Keeping Your Trees and Shrubs Healthy

The recent wet period that we have been experiencing has caused a number of disease problems to occur on trees and shrubs in our area. Many of these diseases are only cosmetic, with minor damage, such as curled leaves and/or brown spots. Other diseases may cause serious problems if not treated. Our certified arborists can evaluate and diagnose your plantings for diseases, as well as insect problems. Call Barnes, Inc. to help in maintaining the healthy growth of the beautiful and expensive investment you have made in your home.


Mowing Your Lawn Can Prevent Lawn Disease

At Barnes, Inc., we recommend mowing your lawn until it stops growing, generally into the month of November. When mowing your lawn for the final time you should cut your lawn at least 1/3 less then your regular mowing height to reduce damage from snow mold, burrowing rodents (meadow mice, moles) and winterkill. Also, make sure to keep your lawn free of leaves, sticks, and debris, which can also cause damage to your lawn if left on the turf all winter. Following these simple tips will help you avoid costly repairs next spring.


Tips for a healthier lawn

Fertilizing and controlling weeds in your lawn are only a small part of ensuring its health. Mowing correctly is also very important. Here are a few tips that will help keep your turf thicker, greener and more likely to ward off potential insect, disease and weed problems:

Mow at 3 inches or higher- Tall grass tends to shade the soil. This keeps the soil cooler and the soil stays moist longer. It also allows the turf to root deeper and prepare it for dry periods that often occur in mid to late summer.
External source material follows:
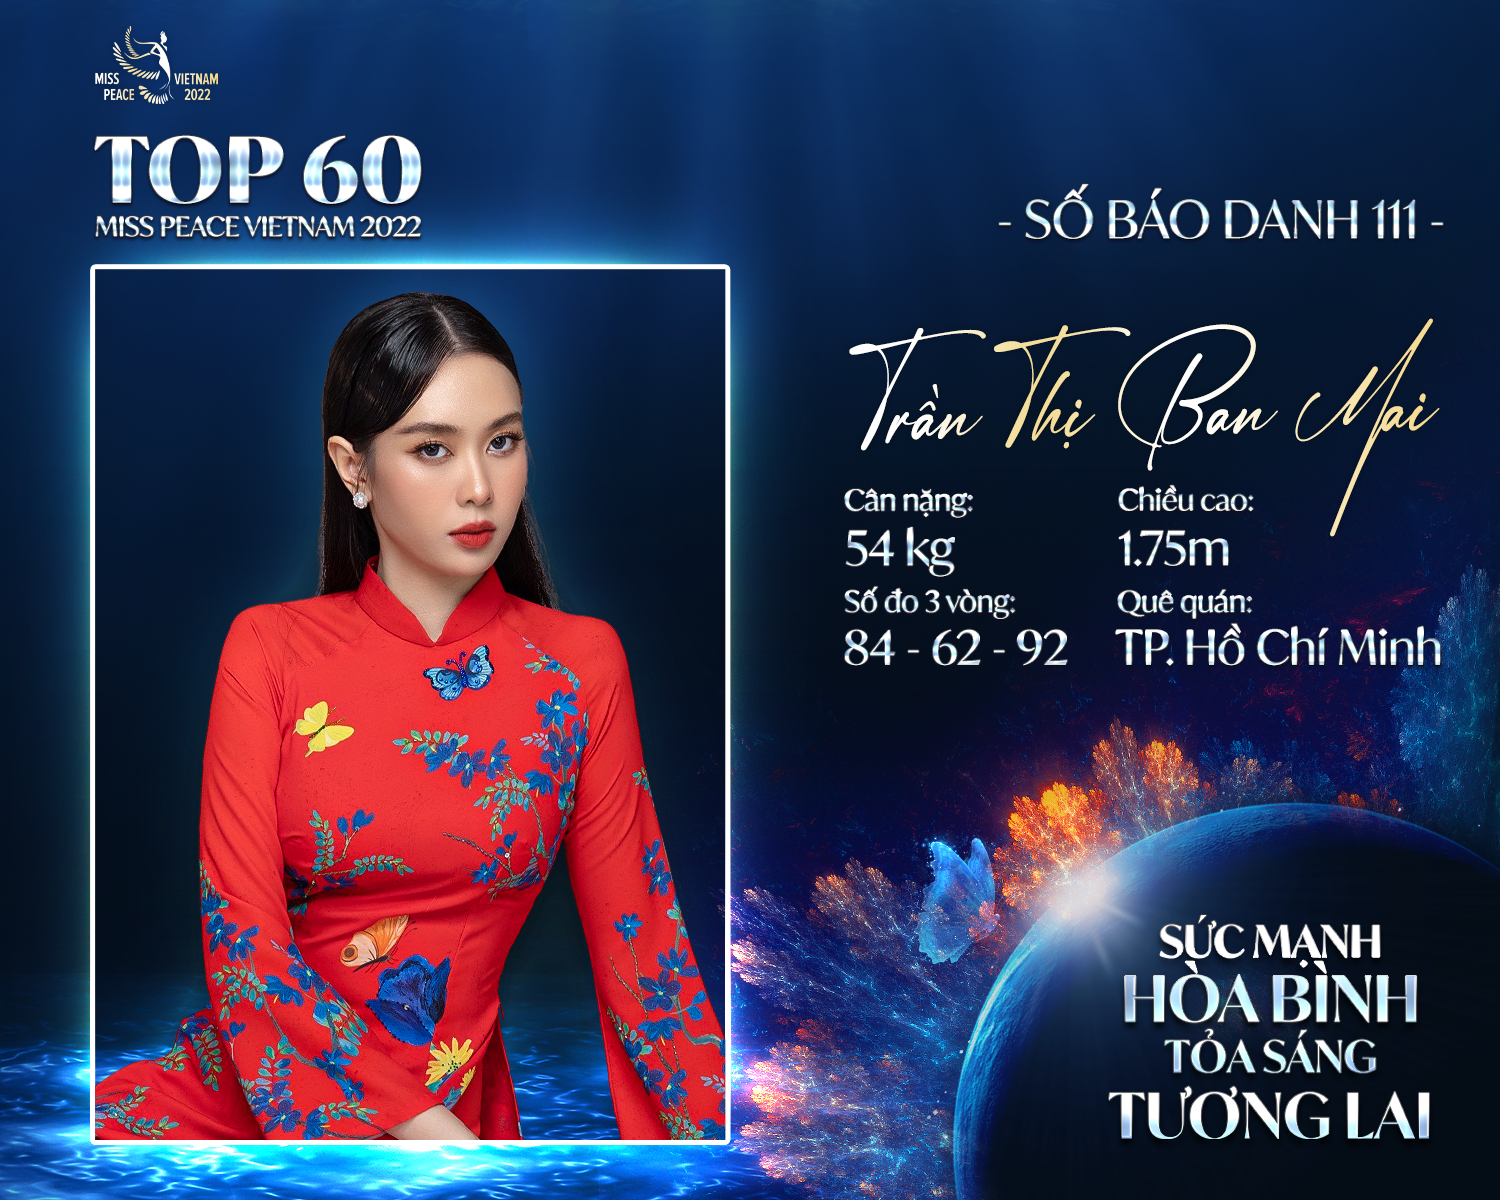 5 gương mặt sáng giá của Hoa hậu Hòa bình Việt Nam 2022 gây chú ý bởi chiều cao “khủng”, ngoại ngữ “đỉnh” - Ảnh 1.

Mow frequently- Mow at least once per week, and NEVER remove more than 1/3 of the total height at any one mowing. Removing more than this, especially during hot, dry weather, can result in stressed turf, often discoloring it.

Mow in different directions: This will allow the turf blades to stand up straighter and gives your lawn a well-manicured look.


Tree and Shrub Pruning

Barnes, Inc. provides high-quality shrub pruning as a service for both commercial and residential customers. This includes formal shape pruning (shearing), natural shape pruning (with hand pruners) and rejuvenation or renewal (thinning) pruning for those overgrown, problem shrubs in your yard. Our trained crews use horticultural techniques that promote healthy, vigorous growth that will enhance the beauty and value of your property. Please contact our office for a free on-site consultation.

Barnes, Inc. also offers tree trimming and taking down of trees. We can perform aerial work by climbing and rigging, using the latest in technology, tools, training and safety instruction. No tree is too large or too small to be pruned or removed safely by our Arborists and highly-trained climbing and ground staff.

Proper pruning of trees can promote their long-term, healthy growth, as well as enhancing the beauty and value of any property.


When to Water Lawn

Efficient uses of our water resources become more important all the time. If you have an irrigation system, conserve water by running your irrigation system during the early morning hours when there is generally less wind, preventing over-spray. Watering in the morning allows grass blades to dry completely, which reduces lawn diseases that occur due to condensation and excess moisture.